A Treasury-backed report sought “expert” advice from Neil Woodford on the suitability of illiquid assets for DC pension schemes.
The government-backed British Business Bank said a 35-year-old investing a lump sum into their pension now could see a 6 to 10% increase in their retirement savings if it was invested in less liquid asset classes. It examined how obstacles to investment in these assets could be overcome.
The report, The future of defined contribution pension schemes, acknowledged “recent market events” but only confirmed in the acknowledgements, on p84 of the report, that Woodford Investment Management had assisted with the report. It listed Woodford among 50 experts interviewed for the feasibility study, which also analysed data on 5,000 funds globally.
In a press release, exchequer secretary to the Treasury Simon Clarke said opening up pension funds to be able to invest in venture capital and growth equity would benefit savers and the economy. “Pensions savers across the UK deserve financial security in retirement, and this review is a helpful contribution to that,” said Clarke.
Philip Hammond announced the study during the 2018 budget, when he was still chancellor.
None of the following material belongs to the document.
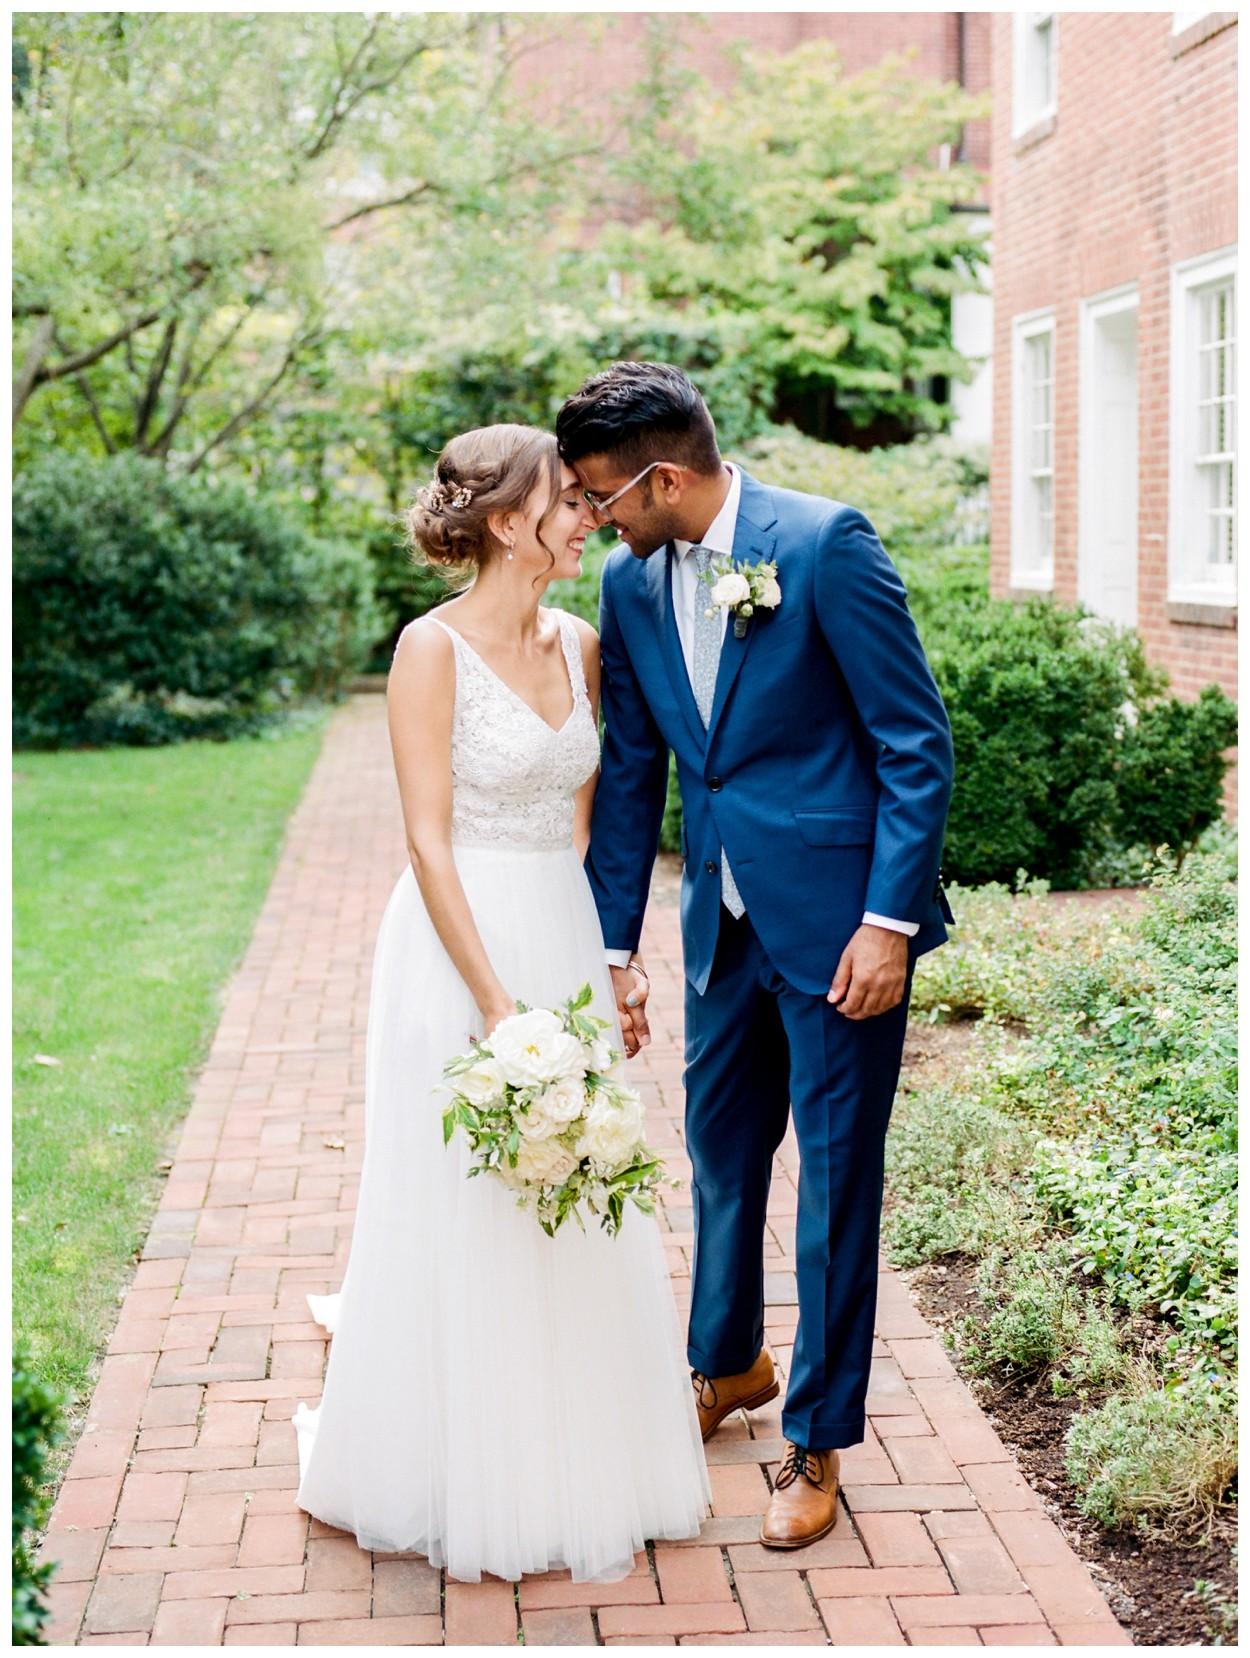 Fall Garden Wedding at Dumbarton House in Washington DC by fine art wedding photographer Lissa Ryan Photography

The study was welcomed by EIS and VCT investors, who said it will increase liquidity for UK start-ups, although pension experts raised concerns about forcing or incentivising pension savers to invest in riskier assets.
In 2016, the government launched the Patient Capital Review, which included Neil Woodford and Miton’s Gervais Williams among its industry panel members. In the 2017 Autumn Budget, the government announced a 10-year action plan to unlock over £20bn to finance growth in innovative firms.